Kyriakides M A, Sawyer R T, Allen S L, Simpson M G
Neuropharm Ltd., Hendy, Dyfed, U.K.
Toxicol Lett. 1990 Oct;53(3):285-95. doi: 10.1016/0378-4274(90)90233-c.
The effects of triethyltin (TET) have been examined using intracellular electrophysiological recording techniques from identified neurons of the leech (Hirudo medicinalis) CNS and from salivary glands of the giant Amazon leech (Haementeria ghilianii). TET, at concentrations as low as 10(-5) M, caused a reversible neuronal membrane depolarisation accompanied by an increase in firing frequency of action potentials (which could lead to conduction block at 10(-4) M) and a concomitant decrease in membrane resistance. TET-induced membrane depolarisation still occurred in saline where Na+, K+ and Ca2+ had been replaced by choline. TET decreased the rate of the depolarising and repolarising phases of the action potential. This also occurred in Haementeria salivary gland cells, in which the only inward cation channel is a calcium channel. The calcium channel blocker, manganese, did not block the effects of TET. TET counteracted the effects on the action potential of the potassium channel blocker, tetraethylammonium chloride (TEA). TET-induced neurotoxicity occurred independently of any resultant toxic effects on the myelin sheath. The action of TET is consistent with our view that it causes an increase of intracellular free Ca2+ probably via release from intracellular stores and inhibition of Ca2+ reuptake. A resulting inhibition of the Na+/K+ and Ca2+ pumps may also occur.
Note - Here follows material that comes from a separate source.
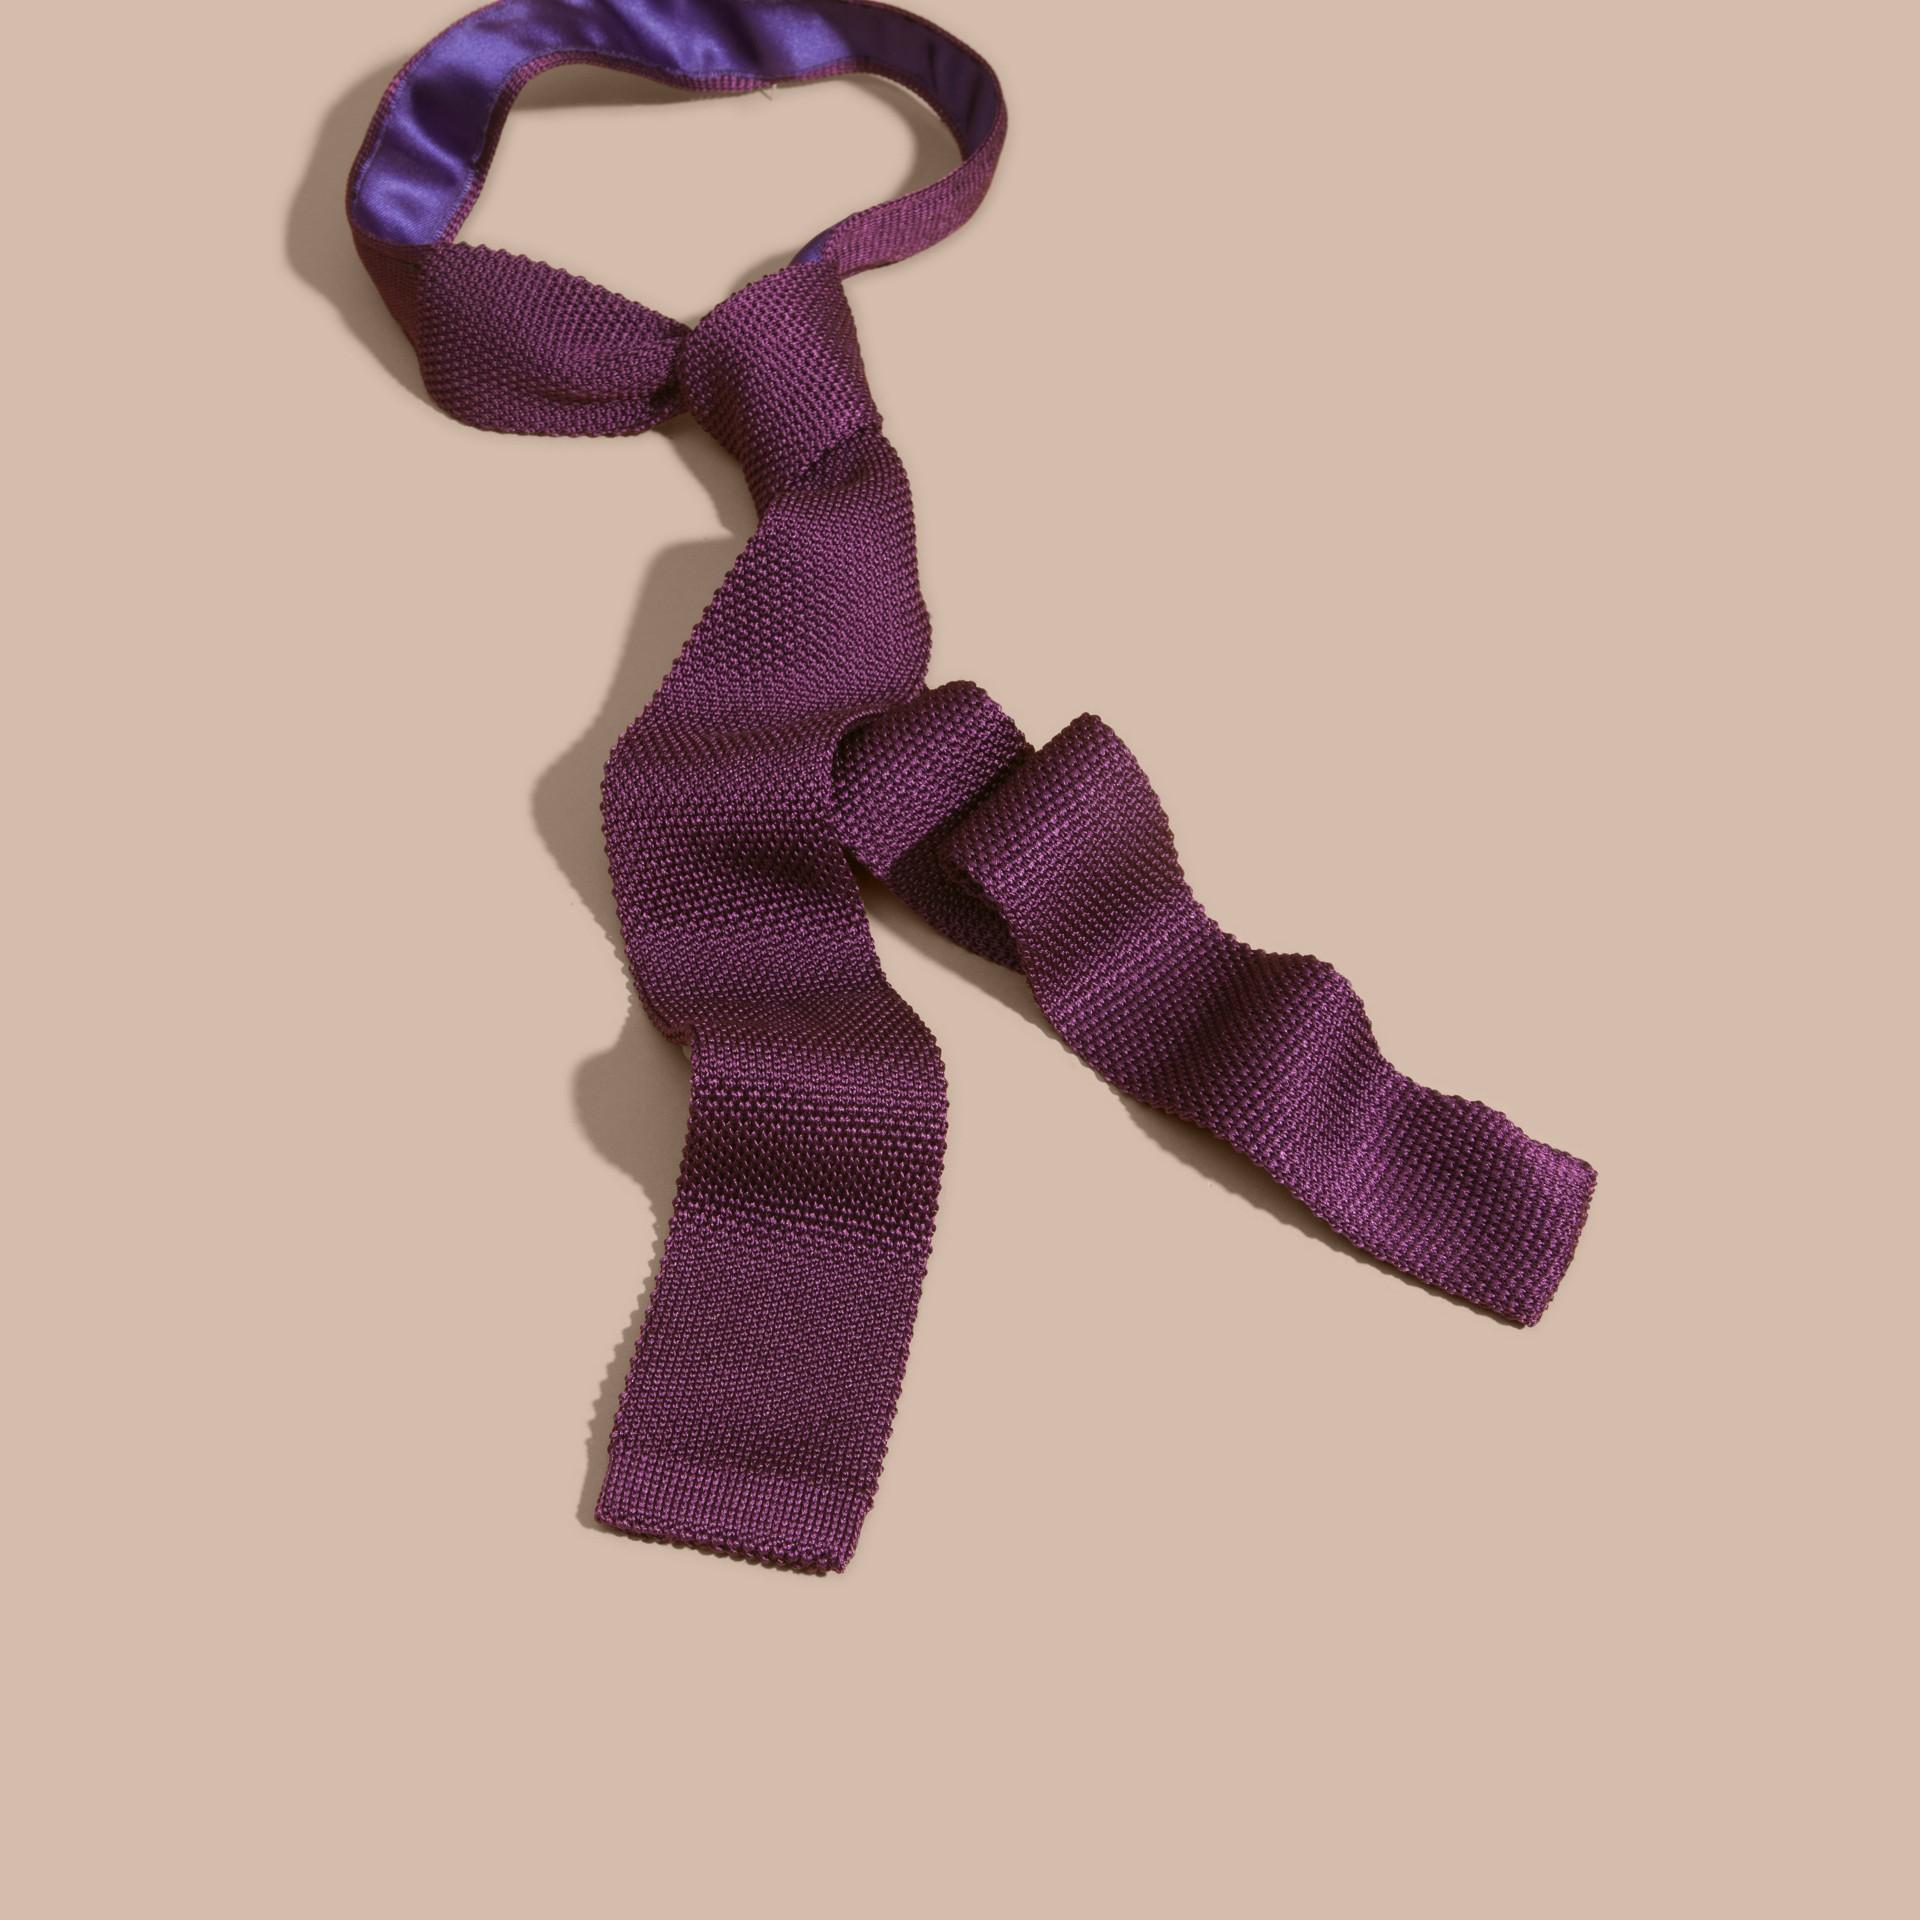 Viola scuro Cravatta dal taglio sottile in seta lavorata a maglia Viola Scuro - immagine della galleria 1
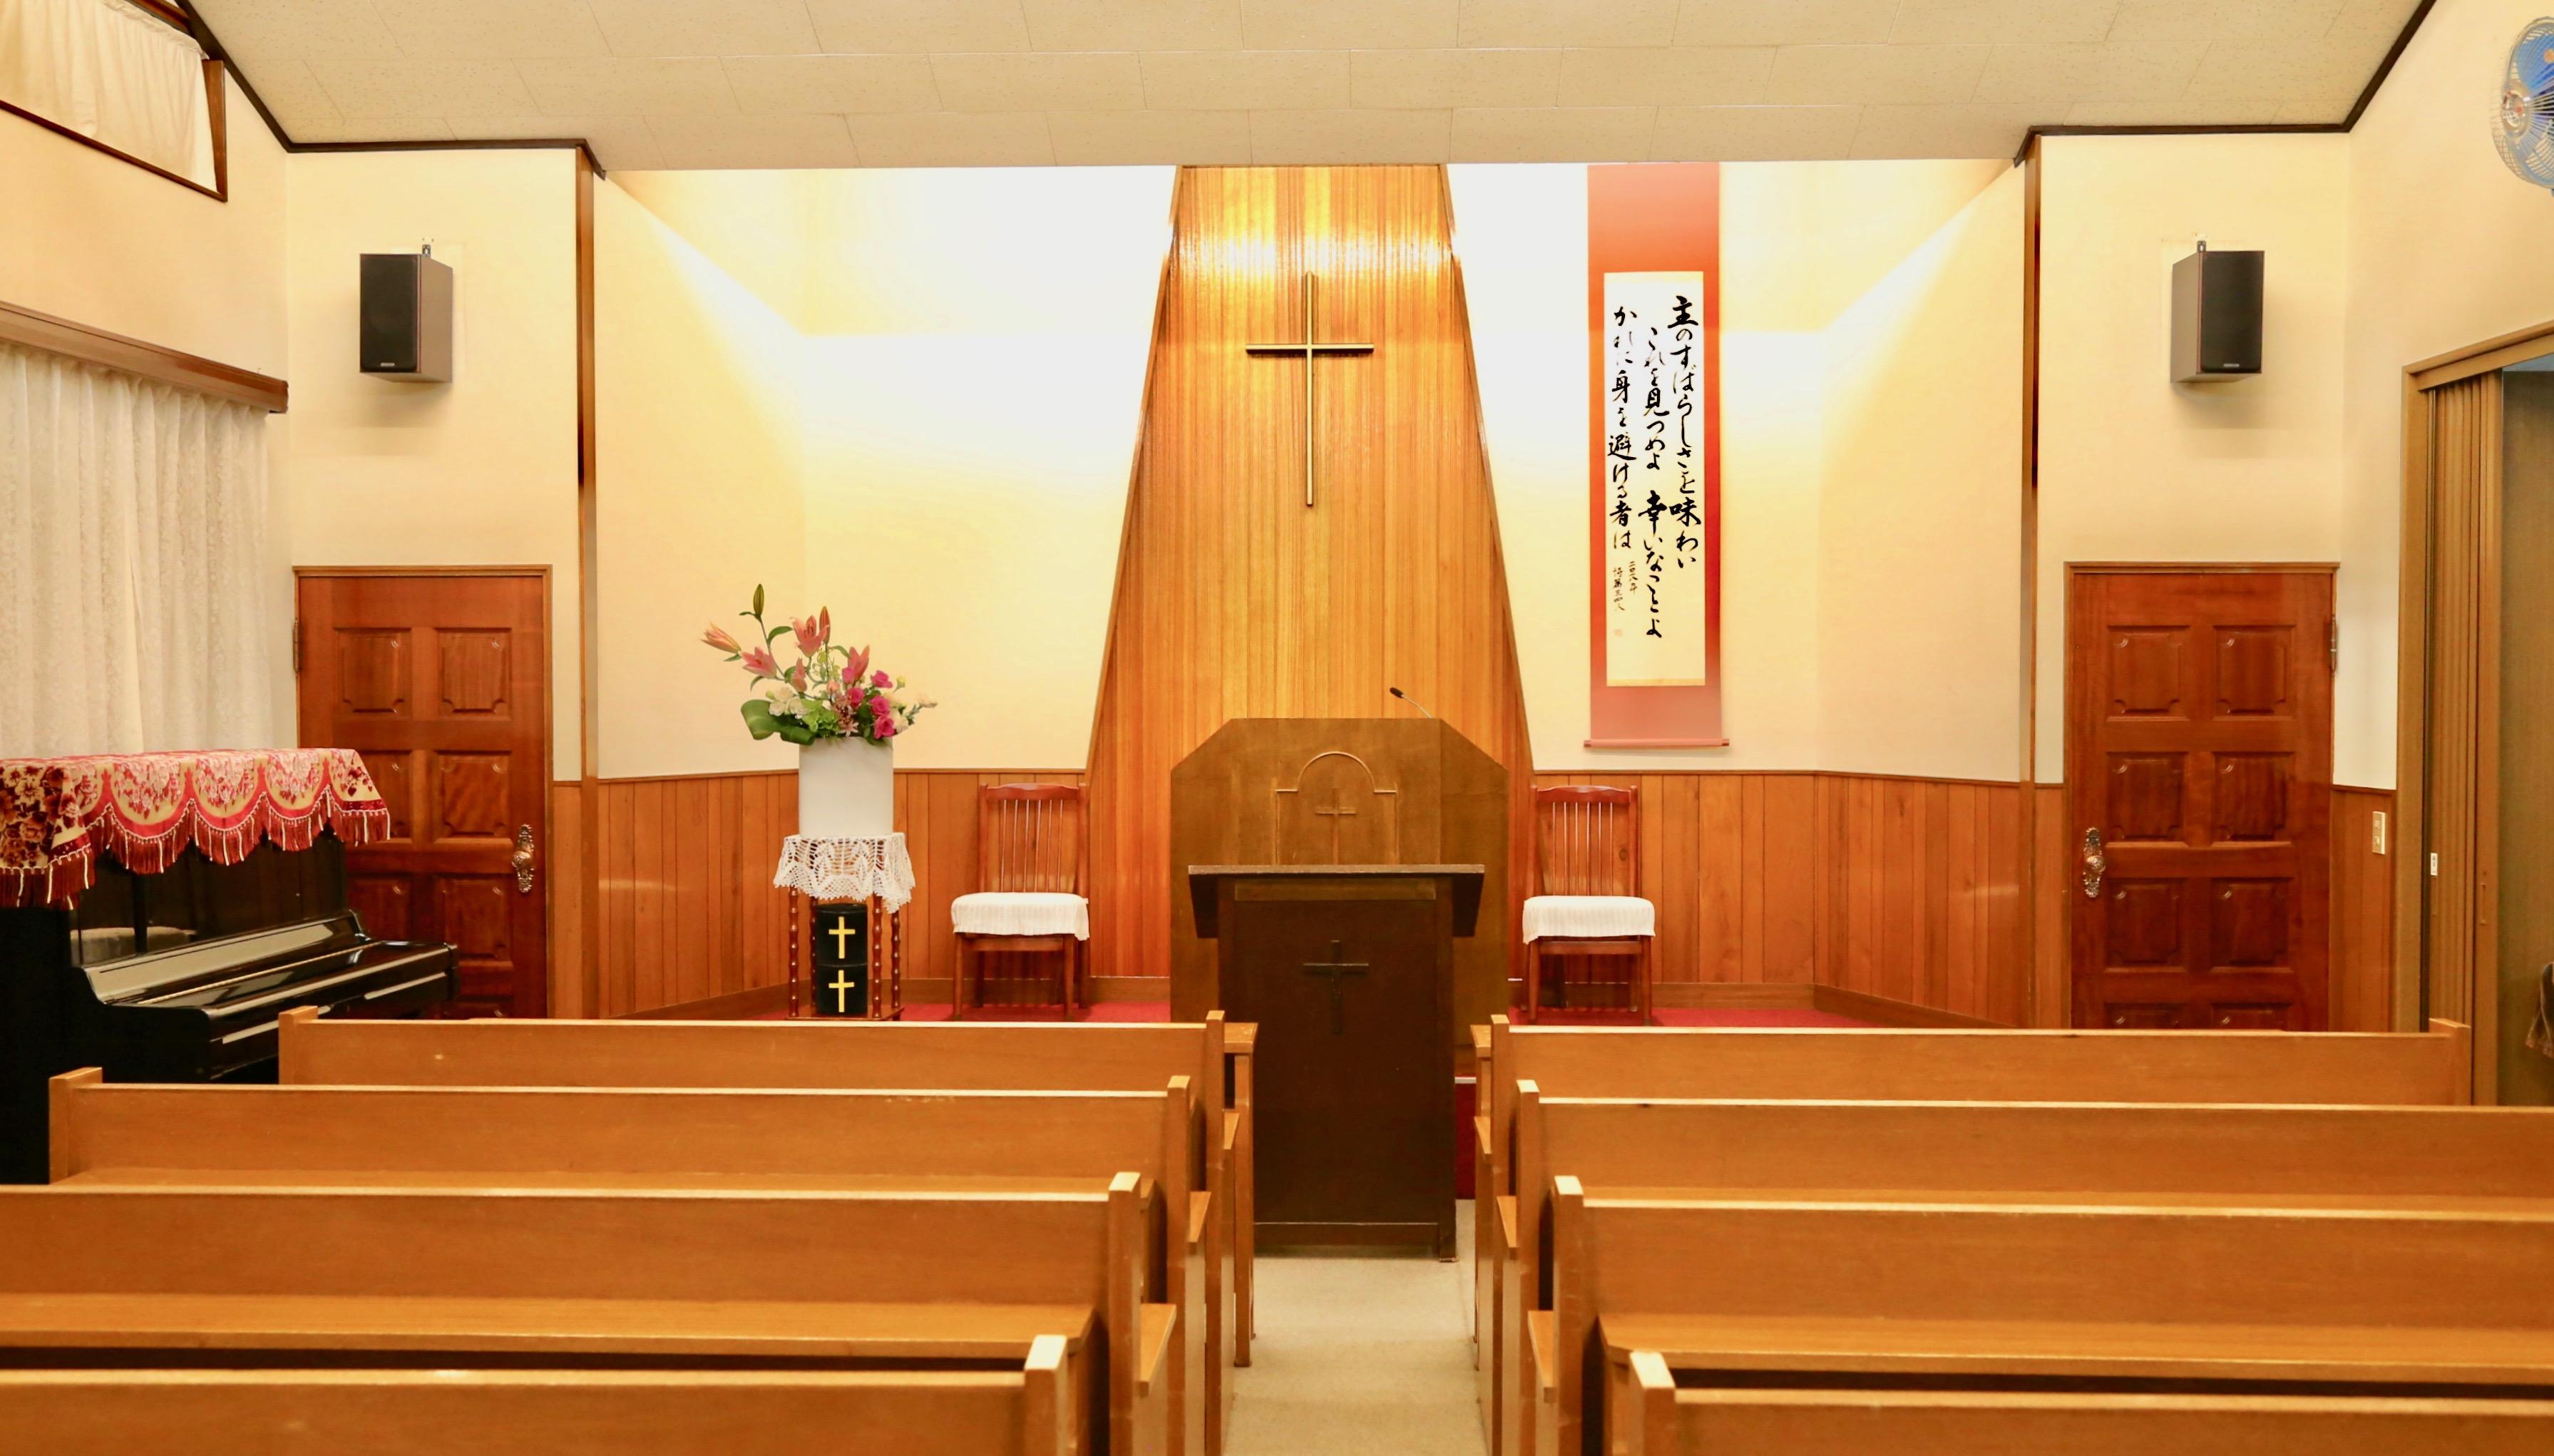 インマヌエル 上田キリスト教会

已使用细胞内电生理记录技术,对来自水蛭(医用水蛭)中枢神经系统的特定神经元以及巨型亚马逊水蛭(盖氏巨蛭)唾液腺的三乙锡(TET)效应进行了研究。低至10⁻⁵ M浓度的TET,可引起可逆的神经元膜去极化,同时伴有动作电位发放频率增加(在10⁻⁴ M时可导致传导阻滞)以及膜电阻随之降低。在Na⁺、K⁺和Ca²⁺被胆碱取代的盐溶液中,TET诱导的膜去极化仍会发生。TET降低了动作电位去极化和复极化阶段的速率。这在盖氏巨蛭唾液腺细胞中也会发生,其中唯一的内向阳离子通道是钙通道。钙通道阻滞剂锰并不能阻断TET的作用。TET抵消了钾通道阻滞剂氯化四乙铵(TEA)对动作电位的影响。TET诱导的神经毒性独立于对髓鞘的任何由此产生的毒性作用而发生。TET的作用与我们的观点一致,即它可能通过从细胞内储存库释放Ca²⁺并抑制Ca²⁺再摄取,从而导致细胞内游离Ca²⁺增加。还可能由此抑制Na⁺/K⁺泵和Ca²⁺泵。